Immediate family members are involved in the Tony Stewart Foundation. His mother, Pam Boas, was originally executive director in 2003 and is listed as treasurer of the organization now. His father and sister have held board positions.
Boas said there is a natural link in many people’s minds between children who need assistance and animals who need care.
“The animals and the kids cross over with each other,” she said. “That’s Tony’s heart. We do hear a lot from people who are animal lovers. Last year, though, was a really tough year.”
The pandemic year was tough worldwide, not only for charitable organization’s fundraising.
The foundation operates raffles at some race tracks, and those garner tremendous attention, Executive Director Erica Raisor said.

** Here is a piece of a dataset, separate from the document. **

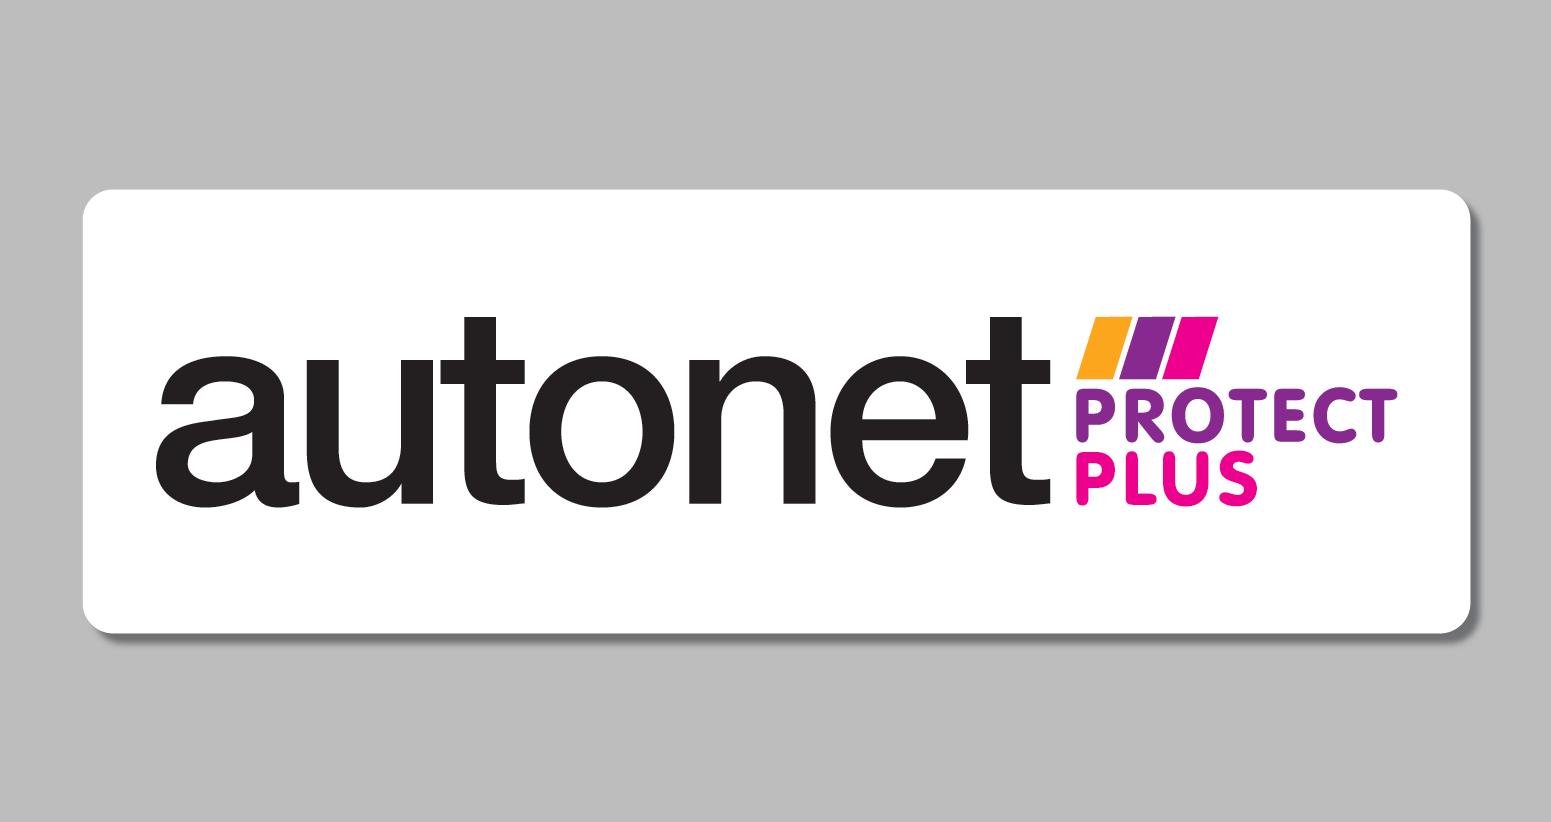 Autonet Protect Plus Logo

“This year, we’re doing more at the tracks,” she said. “The biggest thing is people just love he supports animals and kids.”
Raisor sold T-shirts and raffle tickets and made change for contributors at the booth as the track renaming ceremony took place feet away.
Stewart spends considerable time in North Carolina, where NASCAR is based, and even on the day he was honored at the fair, he flew in from Charlotte the same afternoon. He said he would not miss the fairgrounds race.
When Stewart’s name was unveiled in the new sign for the track, he joked he hoped he would be given a key so he could practice fast driving any time he wanted.
Rick Trimpe, president of the fair board, said the idea of naming the track after Stewart was broached in 2019, but the pandemic halted any progress on doing so in 2020.
In making the announcement to the crowd, Trimpe called Stewart “a winner on and off the track.”
Some 50 or more people surrounded Stewart for the dedication, and Stewart briefly took the microphone to issue thanks.